Problem statement: Repeat the data verbatim.

Source data:
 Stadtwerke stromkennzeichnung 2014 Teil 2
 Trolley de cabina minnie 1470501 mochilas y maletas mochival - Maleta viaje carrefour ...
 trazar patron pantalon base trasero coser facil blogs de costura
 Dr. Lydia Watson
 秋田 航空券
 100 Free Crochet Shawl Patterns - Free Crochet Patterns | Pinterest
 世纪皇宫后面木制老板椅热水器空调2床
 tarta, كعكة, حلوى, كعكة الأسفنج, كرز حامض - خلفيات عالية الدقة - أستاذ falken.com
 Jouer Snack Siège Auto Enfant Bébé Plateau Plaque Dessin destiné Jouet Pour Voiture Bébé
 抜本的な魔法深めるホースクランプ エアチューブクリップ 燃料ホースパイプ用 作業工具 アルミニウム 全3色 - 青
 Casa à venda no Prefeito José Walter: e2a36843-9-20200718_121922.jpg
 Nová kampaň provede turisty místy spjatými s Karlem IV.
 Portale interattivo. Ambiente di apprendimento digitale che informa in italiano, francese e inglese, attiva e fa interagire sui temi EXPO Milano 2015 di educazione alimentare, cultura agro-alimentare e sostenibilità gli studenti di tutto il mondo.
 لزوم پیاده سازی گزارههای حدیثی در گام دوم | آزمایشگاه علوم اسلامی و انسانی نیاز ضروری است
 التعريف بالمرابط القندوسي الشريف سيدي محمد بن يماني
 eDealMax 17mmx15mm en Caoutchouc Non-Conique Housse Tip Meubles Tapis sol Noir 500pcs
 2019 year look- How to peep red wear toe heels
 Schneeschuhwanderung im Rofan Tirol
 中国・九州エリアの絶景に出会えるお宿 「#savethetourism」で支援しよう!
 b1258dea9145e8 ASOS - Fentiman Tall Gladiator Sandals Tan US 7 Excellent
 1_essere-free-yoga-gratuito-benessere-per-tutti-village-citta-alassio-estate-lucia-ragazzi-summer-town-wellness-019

Answer box:
 Stadtwerke stromkennzeichnung 2014 Teil 2
 Trolley de cabina minnie 1470501 mochilas y maletas mochival - Maleta viaje carrefour ...
 trazar patron pantalon base trasero coser facil blogs de costura
 Dr. Lydia Watson
 秋田 航空券
 100 Free Crochet Shawl Patterns - Free Crochet Patterns | Pinterest
 世纪皇宫后面木制老板椅热水器空调2床
 tarta, كعكة, حلوى, كعكة الأسفنج, كرز حامض - خلفيات عالية الدقة - أستاذ falken.com
 Jouer Snack Siège Auto Enfant Bébé Plateau Plaque Dessin destiné Jouet Pour Voiture Bébé
 抜本的な魔法深めるホースクランプ エアチューブクリップ 燃料ホースパイプ用 作業工具 アルミニウム 全3色 - 青
 Casa à venda no Prefeito José Walter: e2a36843-9-20200718_121922.jpg
 Nová kampaň provede turisty místy spjatými s Karlem IV.
 Portale interattivo. Ambiente di apprendimento digitale che informa in italiano, francese e inglese, attiva e fa interagire sui temi EXPO Milano 2015 di educazione alimentare, cultura agro-alimentare e sostenibilità gli studenti di tutto il mondo.
 لزوم پیاده سازی گزارههای حدیثی در گام دوم | آزمایشگاه علوم اسلامی و انسانی نیاز ضروری است
 التعريف بالمرابط القندوسي الشريف سيدي محمد بن يماني
 eDealMax 17mmx15mm en Caoutchouc Non-Conique Housse Tip Meubles Tapis sol Noir 500pcs
 2019 year look- How to peep red wear toe heels
 Schneeschuhwanderung im Rofan Tirol
 中国・九州エリアの絶景に出会えるお宿 「#savethetourism」で支援しよう!
 b1258dea9145e8 ASOS - Fentiman Tall Gladiator Sandals Tan US 7 Excellent
 1_essere-free-yoga-gratuito-benessere-per-tutti-village-citta-alassio-estate-lucia-ragazzi-summer-town-wellness-019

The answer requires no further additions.